Once I understand the interface explicitly, this will help me understand the implementation.

I believe that I need to transfer an audio buffer, I need to say how many bytes to use for each calculation (say, the last 1024 bytes from this buffer). and maybe I need to specify the range of steps that I want to detect. Now is he going to convey something? Lots of frequency bins? What is it?

(Edit :) I found a C ++ algorithm to use (if I can only figure it out)

Performous extracts the pitch from the microphone. Also, the code is open source. Here is a description of what the algorithm does, from the guy who encoded it.

  • PCM input (buffered)
  • FFT (1024 samples at a time, then removes 200 samples from the front of the buffer)
  • The reassignment method (versus the previous FFT, which was previously 200 samples)
  • Peak filtering (this part can be done much better or even eliminated).
  • The combination of peaks with harmonic sets (we call the combination of timbre)
  • Temporal filtering of tones (update the set of previously detected tones instead of simply using just discovered tones)
  • Choose the best vocal tone (frequency limits, weighting, you can also use a harmonic array, but I don’t think we do it)

But can anyone help me understand how this works?
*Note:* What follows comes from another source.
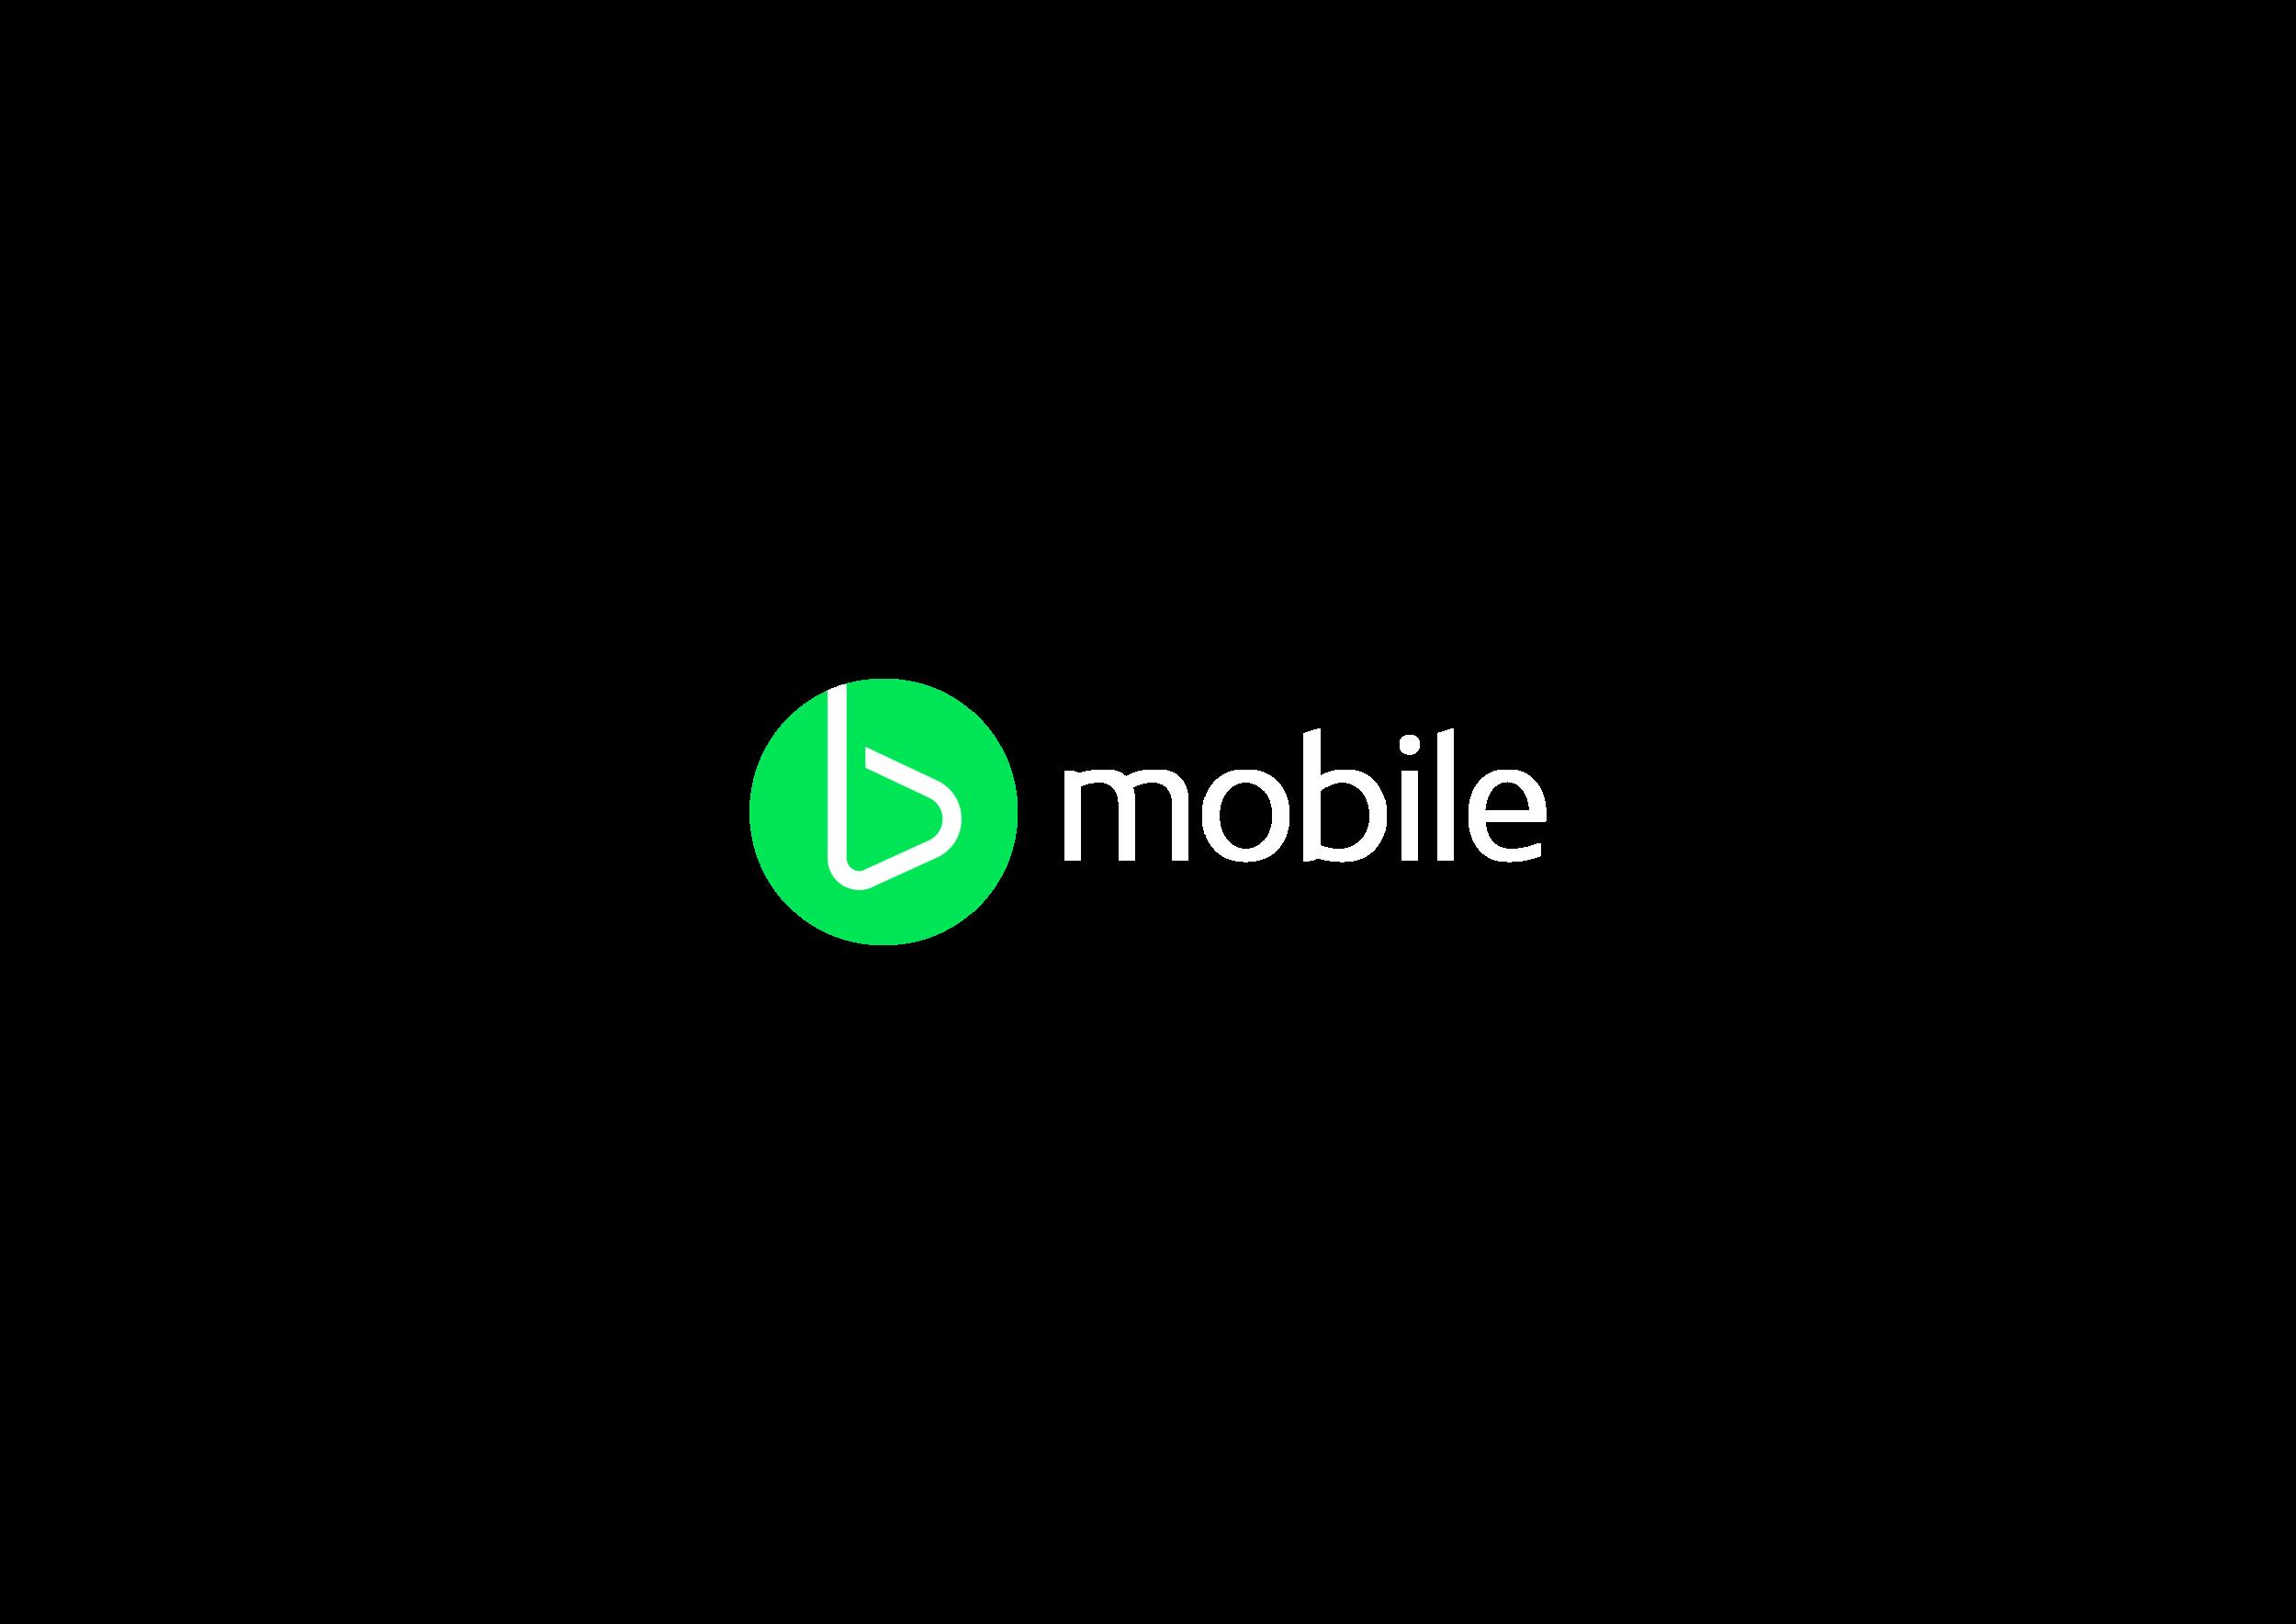 bmobile.png

What is sent from the FFT to the reassignment method?

+4
source share
3 answers

There is an element of choice here. The easiest to implement is to perform (2 ^ n samples in) complex numbers in, and 2 ^ n complex numbers, so maybe you should start with this.

In the particular case of DCT (Discrete Cosine Transformation), usually what happens is 2 ^ n samples (often floats), and out go 2 ^ n, often floats. DCT is an FFT, but it takes only real values ​​and analyzes the function in terms of cosines.

This is a smart (but usually overlooked) structure definition for handling complex values. Traditionally, FFTs are performed locally, but it works great if you do not.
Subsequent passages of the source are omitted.